Self-focusing dynamics of ultraintense accelerating Airy waveforms in water

We report experiments and numerical simulations on the self-focusing and filamentation of ultraintense femtosecond Airy waveforms in water. The accelerating property of Airy waveforms results in the generation of distinct features in the angularly resolved spectra of forward-propagating supercontinuum emission. Fitting these features with appropriate phase-matching conditions allows for the quantification of the propagation history of the waveforms.

Figure 1

Numerically simulated $k$-$\omega$ spectrum generated through filamentation of a 35-fs-long Gaussian pulse with a 1-$\mu$J pulse energy, under the experimental conditions described in the text. Data are shown on a log scale. The pulse propagation dynamics involves two pulse-splitting events. Solid black lines are drawn according to the phase-matching condition, (1), for the two generated pairs of subpulses.

Figure 2

Experimentally observed $k$-$\omega$ spectrum for the case corresponding to the simulation shown in Fig. 1. Solid lines are exact replicas of the fitting curves reproduced here from the numerical simulation in Fig. 1 without any adjustments. The dashed line shows the fit according to Eq. (1), in which the velocity of the leading subpulse is set to $(1+0.0010)c/n_g$, which is different from the correct velocities of both leading subpulses generated upon propagation ($c$ is the speed of light in vacuum and $n_g$ is the linear group refractive index of water).
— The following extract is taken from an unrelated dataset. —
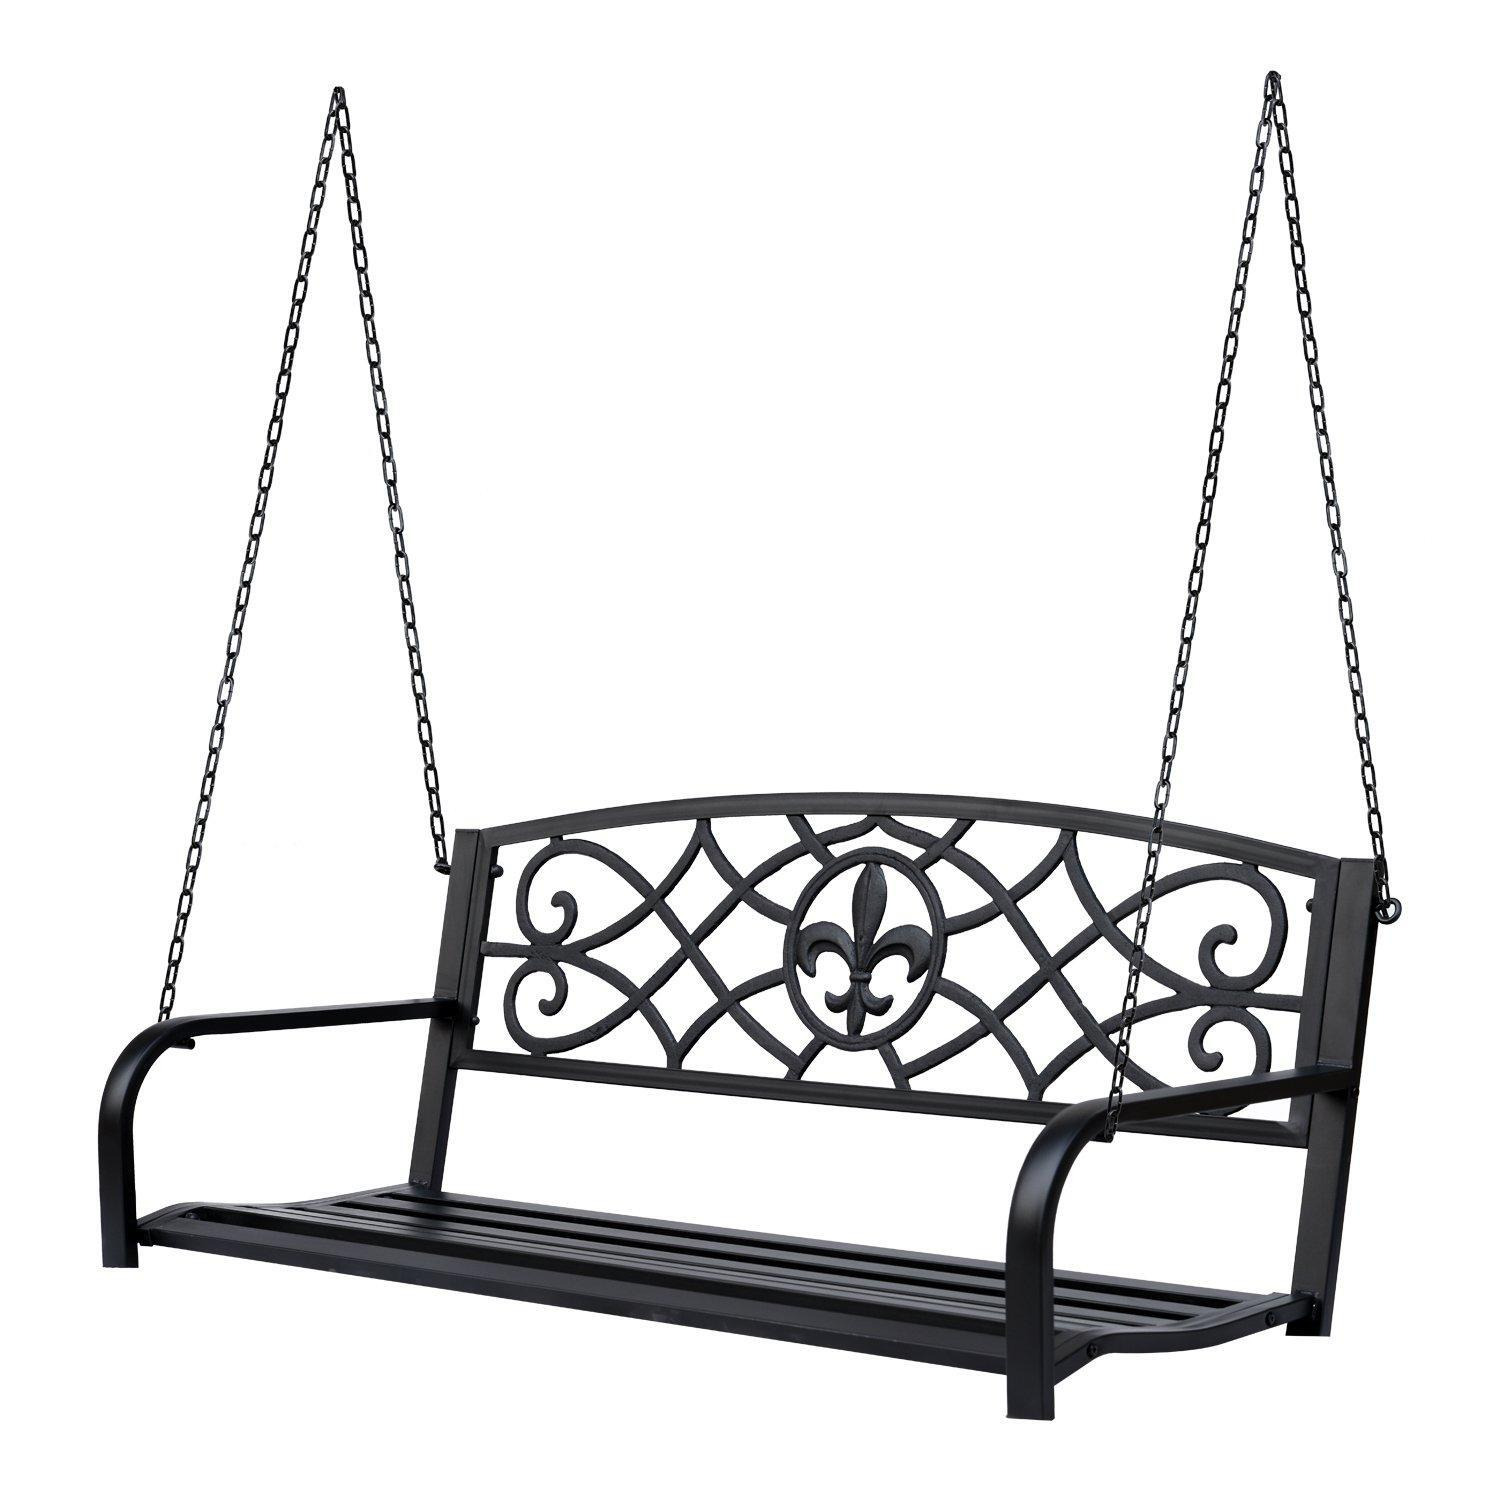 Outdoor Steel Fleur-De-Lis Porch Swing Garden Hanging Bench - image 1
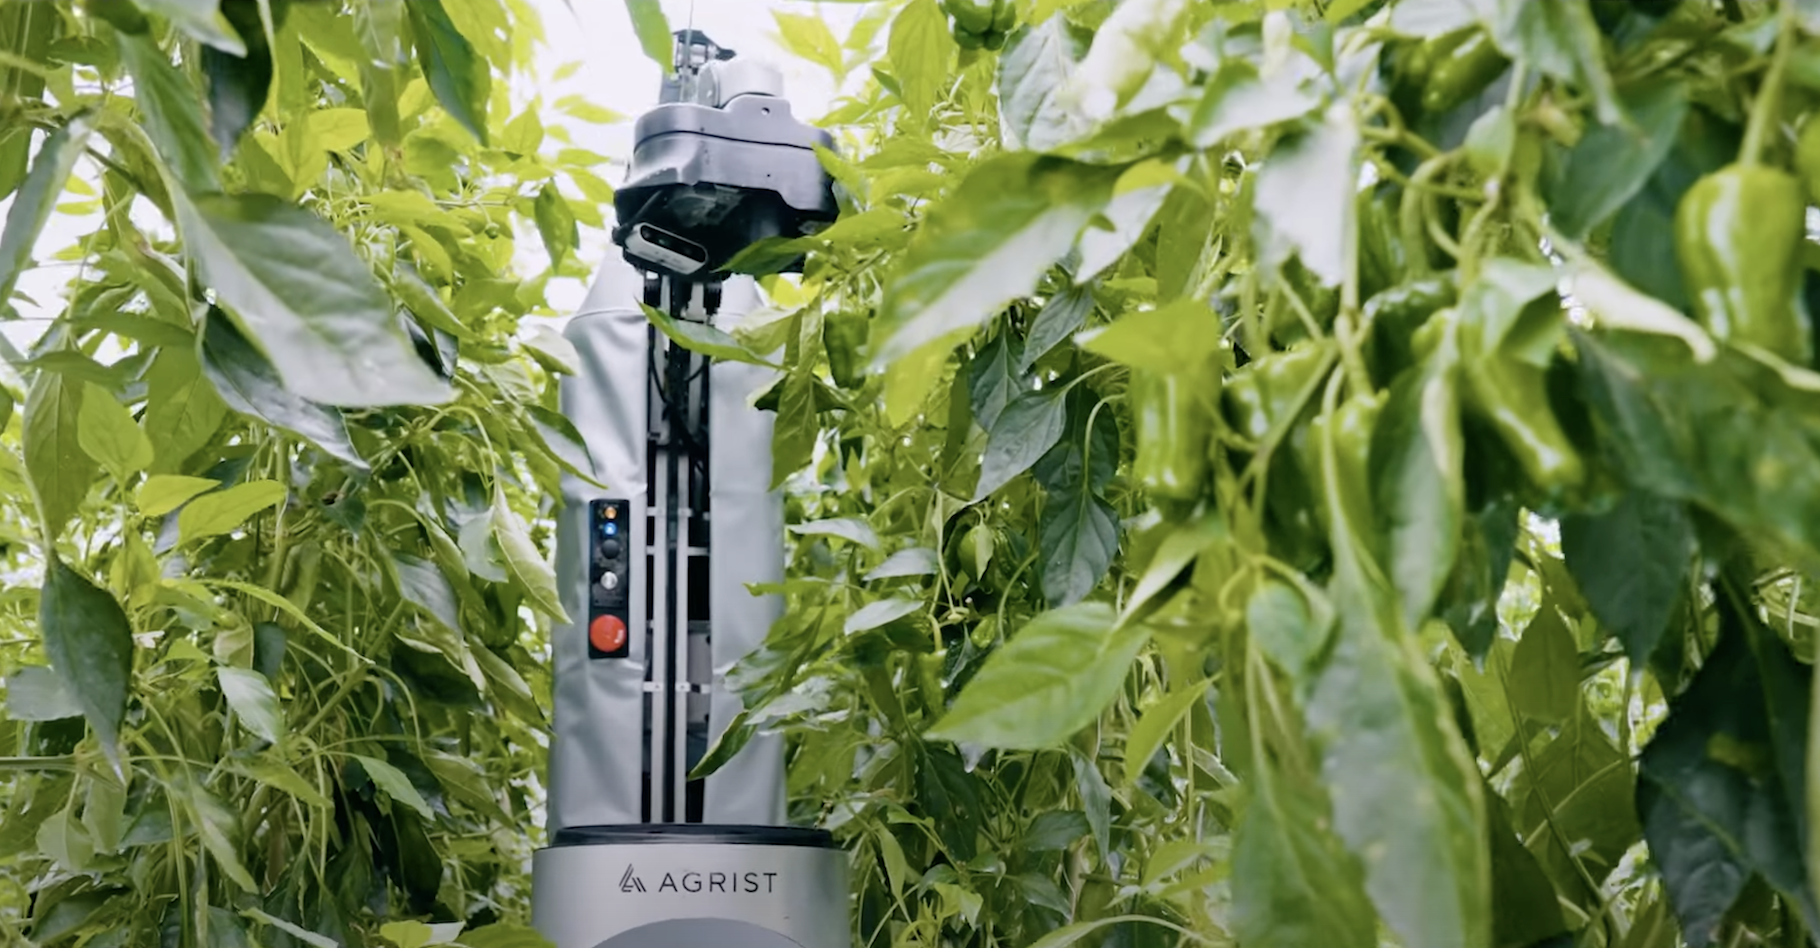 La société Agrist a développé un robot capable de cueillir les poivrons mûrs sous les serres. © Agrist

The latter fit is clearly off the experimentally recorded branches corresponding to the two leading subpulses generated in this case.

Figure 3

Numerically simulated $k$-$\omega$ spectra for cases of Airy pulses with 1.6 $\mu$J of pulse energy and with a positive (top) and a negative (bottom) cubic spectral phase of 120 000 fs${}^3$. Insets: The corresponding orientations of the waveforms. Spectra are plotted on a log scale. For the positive phase case, the phase-matching curves for the three splits of the dominant intensity feature of the waveform are shown by solid lines. The dashed line shows the phase-matching curve for the split of the secondary feature of the pulse. For the negative phase case, the solid lines show the phase-matching curves for the first two splits of the dominant intensity feature of the pulse and for the only split of the secondary feature. The dashed lines show the phase-matching curves for the third split of the main intensity feature.

Figure 4

Experimentally observed $k$-$\omega$ spectra for the cases of Airy pulses corresponding to the numerical simulations shown in Fig. 3. The top figure corresponds to a positive, and the bottom figure to a negative, cubic spectral phase of 120 000 fs${}^3$. Lines are exact replicas of the corresponding fitting curves from the numerical simulation plots shown in Fig. 3.